A stuck accelerator?

And this past Wednesday, he stated on BBC television: "We are now stepping on the gas and cutting unnecessary red tape to reinvest the savings in frontline care." However, the most recent data shows that waiting lists have increased for the third consecutive month since July 2025. Critical voices about the state of the NHS are periodically heard in various media outlets, despite the promised £29 billion investment. David Hare, for example, chief executive of the Independent Healthcare Providers Network (the private healthcare trade association), noted at the end of October that "with NHS waiting lists continuing at near-record levels, it is not surprising that many thousands of people are exploring all their treatment options." Such a promised investment does not offer any prospect of improvement.

Health Minister Streeting has promised that his upcoming 10-year health plan will "catapult the NHS into the 21st century and ensure that people receive timely, modern healthcare on British soil."

Do the British believe him? Perhaps. But it doesn't do the health minister any favors when he appears, as has happened this week, as the great conspirator against Prime Minister Keir Starmer. On Wednesday, the entire national press published a preemptive attack against the minister, orchestrated from Downing Street, warning him that any attempt at a coup within the party itself would be met with fierce resistance from its leader.

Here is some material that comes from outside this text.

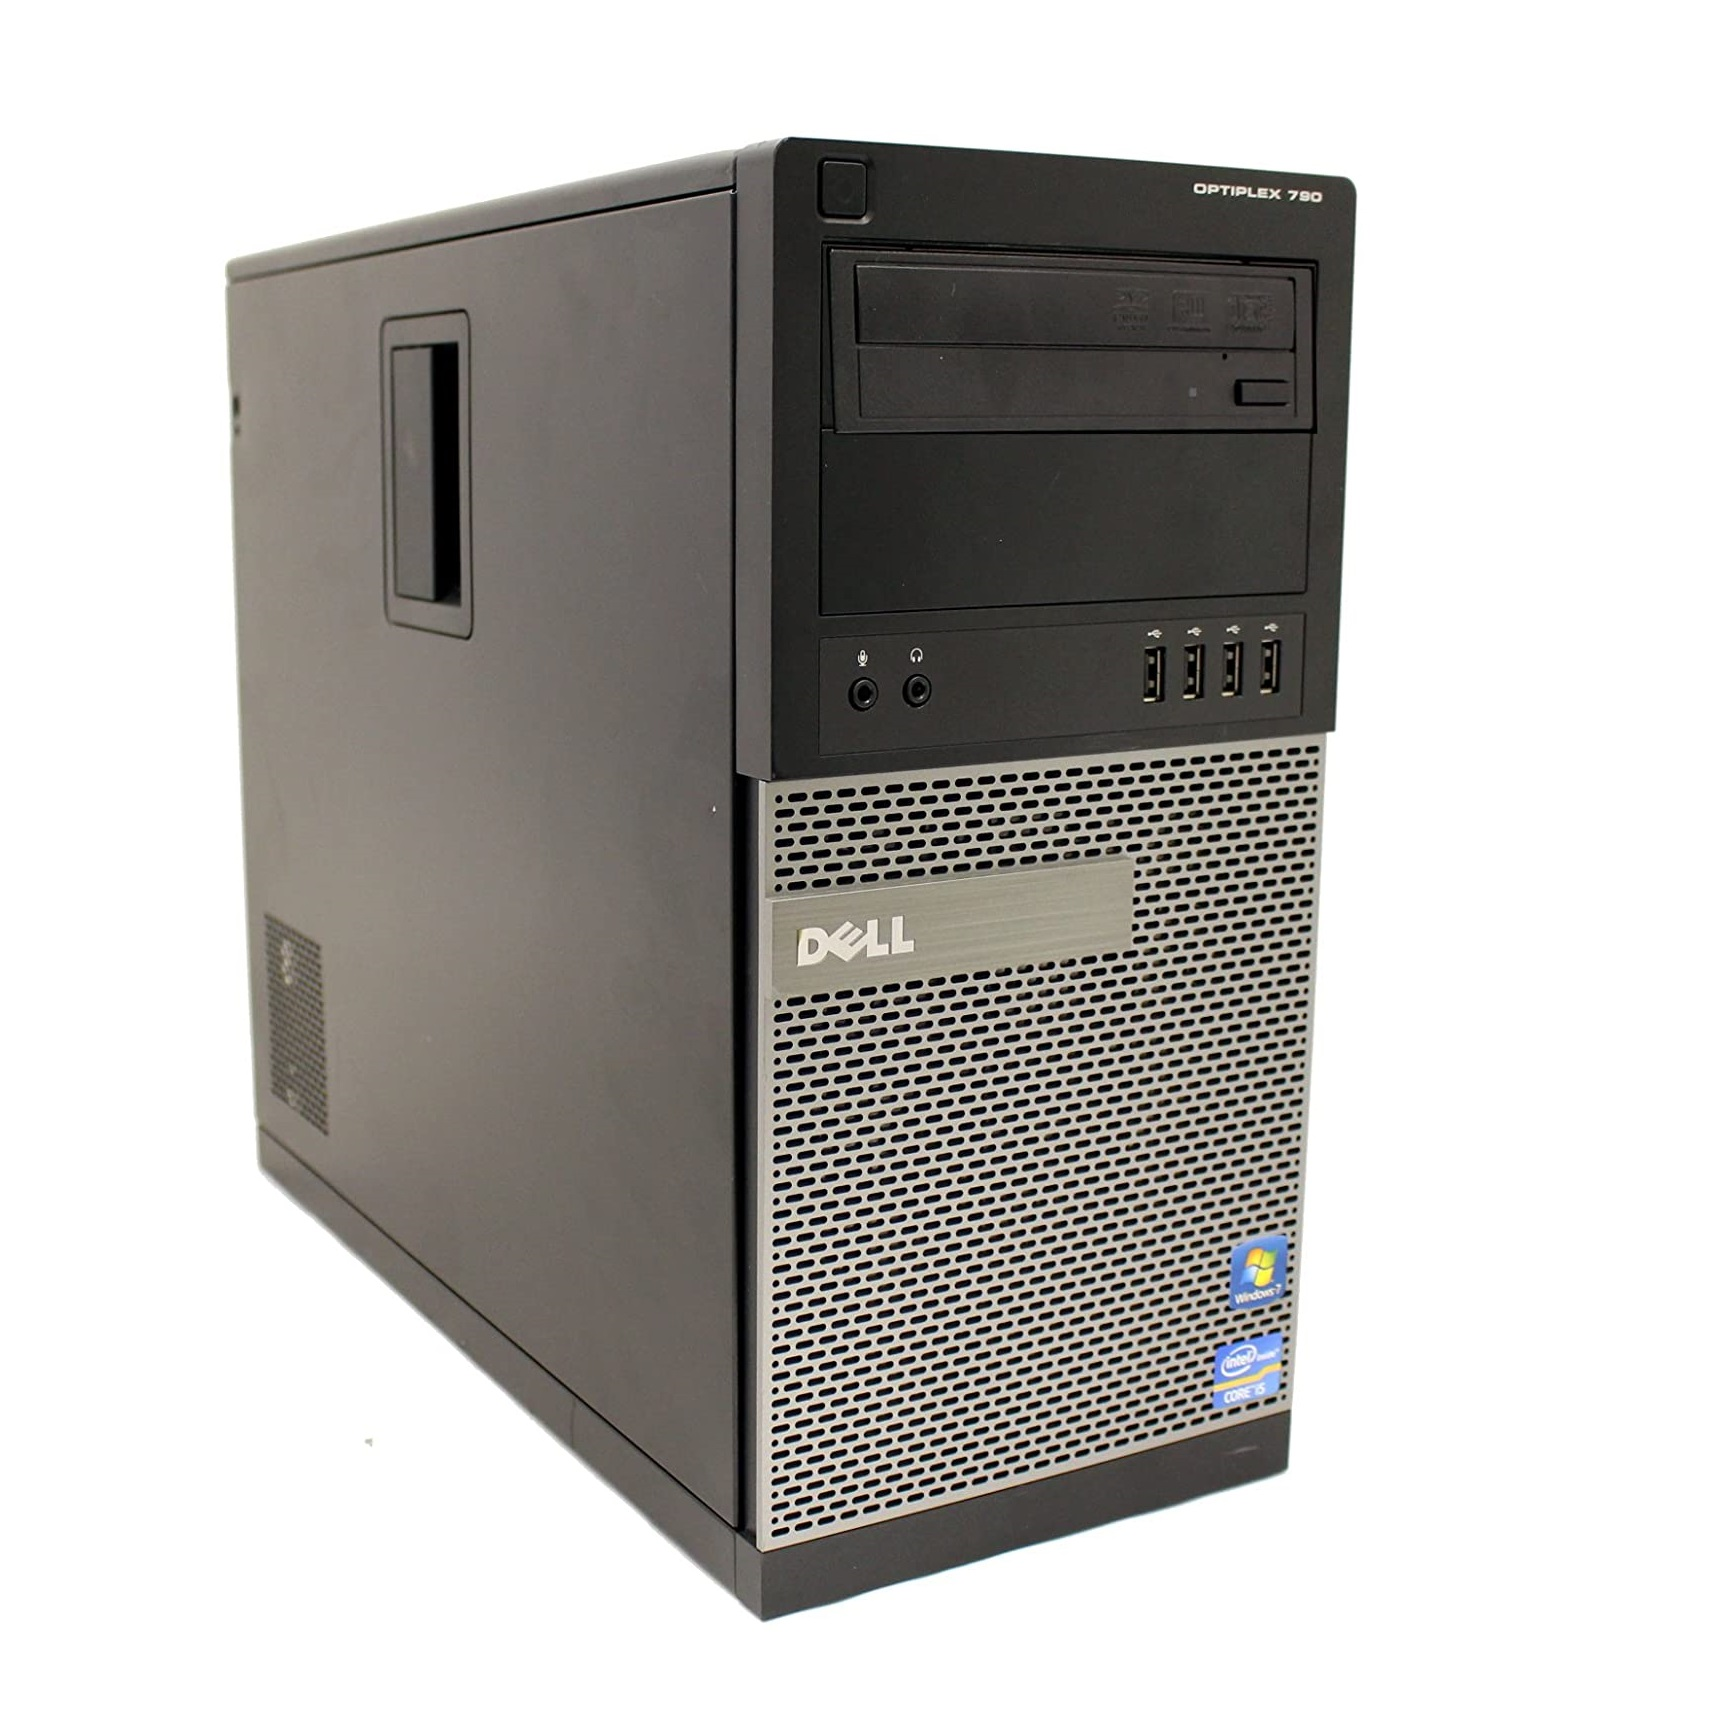 Компютър DELL OptiPlex 790 i3-2120/6GB/250GB/DVD

A claim that, moreover, sounds increasingly far-fetched. Because Starmer seems to be getting weaker by the day. And if he manages to overcome the budget hurdle on November 26, the final blow could come from... the local and national elections next May, when the far-right Reformist Party is expected to achieve its best results ever. It's no coincidence that Nigel Farage is leading in the pollsAnd as usual, the trickle of negative data – not only about the NHS; also about unemployment, which reached 5% in September – is being exploited by far-right demagogues to undermine a government already on the brink.

The NHS also pays for treatments abroad in third countries.

Under a post-Brexit agreement, the NHS can pay another European country to treat UK patients when there is an "undue delay" in accessing equivalent UK treatment within a "medically acceptable timeframe." The number of NHS-funded procedures outside the UK has grown by 42% in just two years, from 99 cases in 2022-23 to 141 in 2024-25, with Poland, Germany, and Italy among the main beneficiaries. However, these 352 cases in the last three years represent a very small fraction of the more than half a million patients who pay for their own treatment abroad.